I recently started getting James Clear’s newsletter. In it, he asks a question for the reader to ponder. This week’s was:

“How can I create an environment that will naturally bring about my desired change?”

This is an important question and one that, for me, brings other questions. Most importantly, what is my desired change right now?

My current answer to that is probably: I want to write, study, and read more.

If I take a look around, my environment is already dang well set up for bringing about that desired change. I’ve got an office separate from the rest of the house (huzzah finished attics) and multiple options for where I want to work. Inside, outside, the entirety of my environment is set up for doing good work.

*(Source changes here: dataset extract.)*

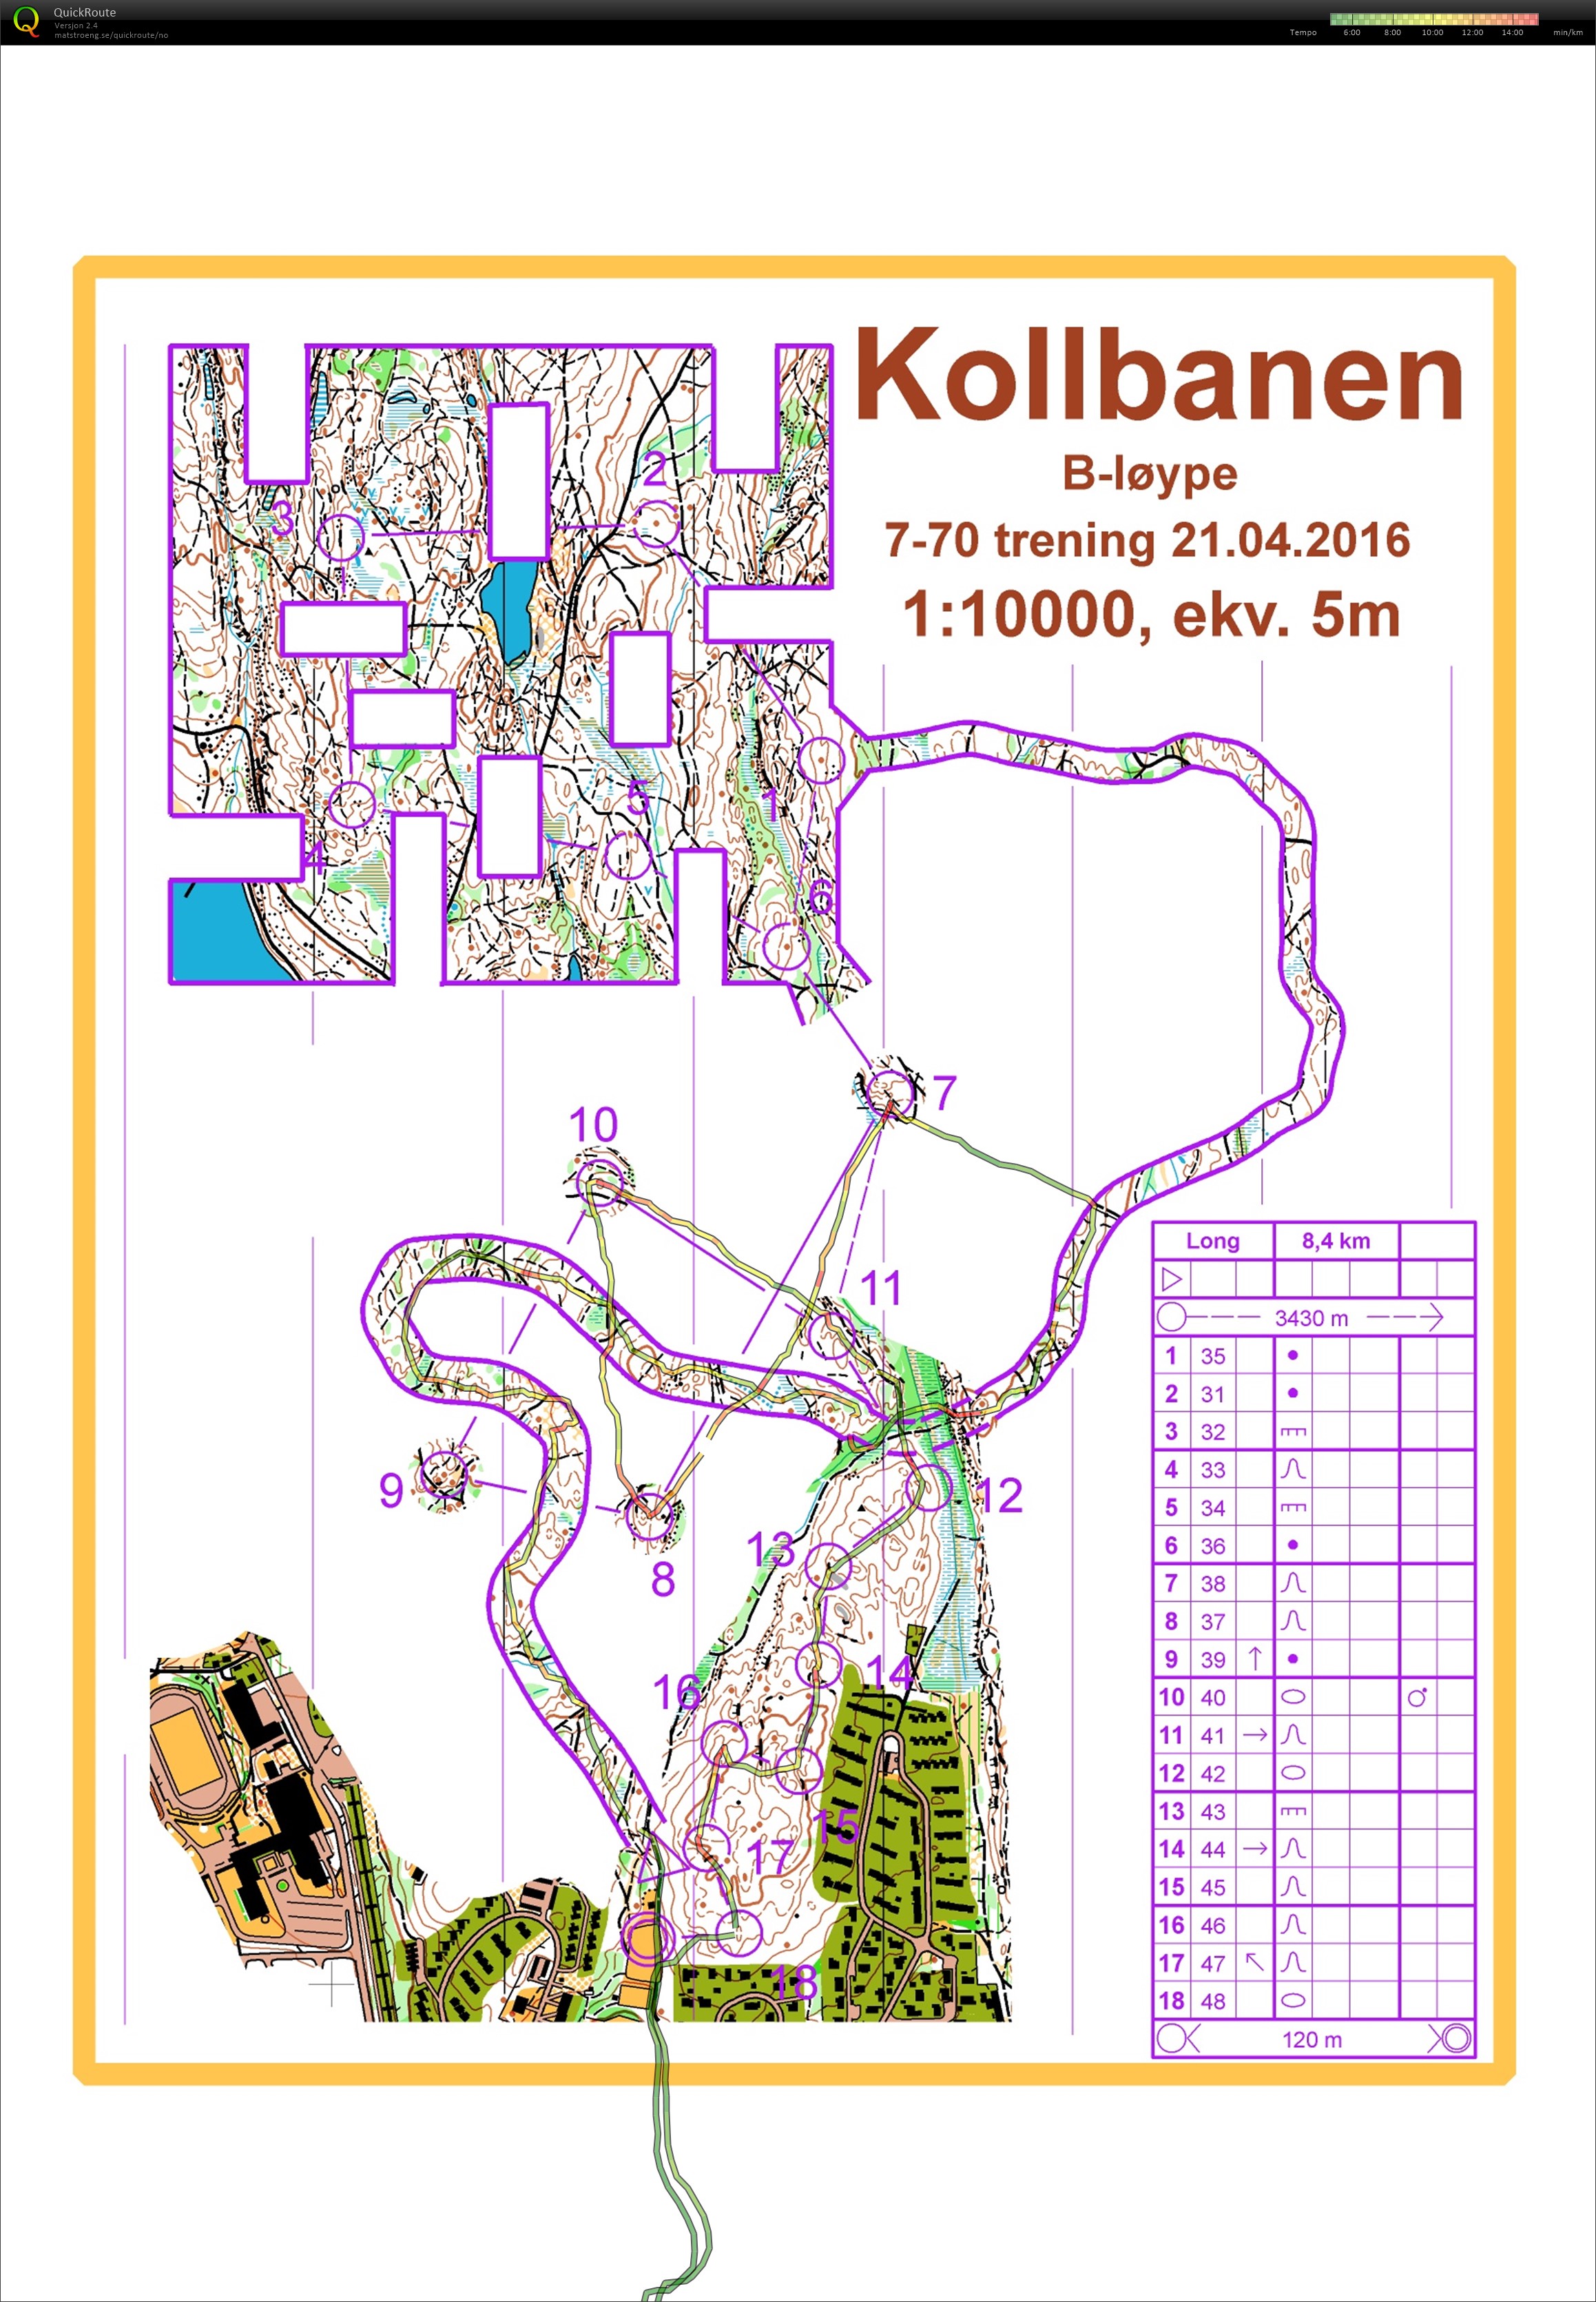 7-70 Kollbanen Rerun (20-06-2017)

So, why then do I struggle to write, read, and study the way I envision?

Some of it is disorganization. The things I want to work on are in a bit of chaos, spread out over various notebooks and file structures. That aspect is slowly being brought under control as I consolidate digital notes into Obsidian. Physical notebooks are a little harder to rein in. They have an organic flow to them that doesn’t digitize as easily as I’d like. Even so, this is all an active work in progress.

Some of my struggle is related to my the way my mind works, how my brain is wired. Work days leave me mentally tired, usually too fatigued to do much more than eat dinner and watch something. I’m also currently working on this aspect as I look at ways to carve more creative time out of my week. Leaving my phone far from my bed has started improving this considerably.

Some of my challenge is life itself. This aspect doesn’t have a lot of wiggle room. There is laundry to do, meals to cook and eat, and the seemingly endless task of sorting and reorganizing my various collections of stuff. This last continues to be a source of stress, both in finding time to do the sorting and in deciding what things I can truly let go of, regret-free.

All in all, this whole question of creating an environment that will naturally bring about change is a difficult one. I can see where I’ve set some things up to help facilitate change, but I honestly don’t know how “naturally” that will ever occur for me. Maybe accepting that the changes I want will not happen naturally is part of the work I need to do. Accepting that I’ll have to work for the changes I want in my life is okay. As is accepting that they will not happen as quickly as I’d like.

I’ll just keep showing up and working to manifest them and maybe one day I’ll turn around and the path behind me will look natural after all.

On reclaiming boredom

I am starting a challenging experiment: seeking ways to reclaim my brain and creativity from the attention economy. I’m not overly tied to my phone. I’m not on facebook and the only reason I have a twitter account is viewing things other people send me, yet I still see the effects. Youtube is a rabbit hole I have trouble escaping and I compulsively check email even when there’s zero urgency to do so. My morning and bedtime habits are where I really get stuck.

The biggest impact I see is that I have trouble reading for long periods without falling asleep and my fiction writing has utterly dried up over the last year. I also have trouble getting up and going to sleep when I intend to because I surf in bed. Sure, the pandemic has had an impact on things and I’m accounting for that. Even so, I can do better for myself.

So, I’m working out how to reshape my wake up and bedtime. I’m starting with something simple: using my old phone by my bed instead of my current phone. My old one is an iphone 6 and still works well. I was using it up until last summer. I’m recharging it as we speak and it will be stripped down to have my alarm, meditation apps, music, and a few puzzle games (because insomnia is a thing and they help). Basically a device I don’t mind having by my bed.

My phone will also get a few things stripped off it and I’ll have it at hand less often. There’s honestly only a handful of apps I use regularly and even a few of those are bad for my attention.

My hope is that I can replace that literally wasted time with more intentional time on my laptop, more reading, more journaling, and a better quality of rest. I’ll keep you all updated if you’re interested in how it’s going.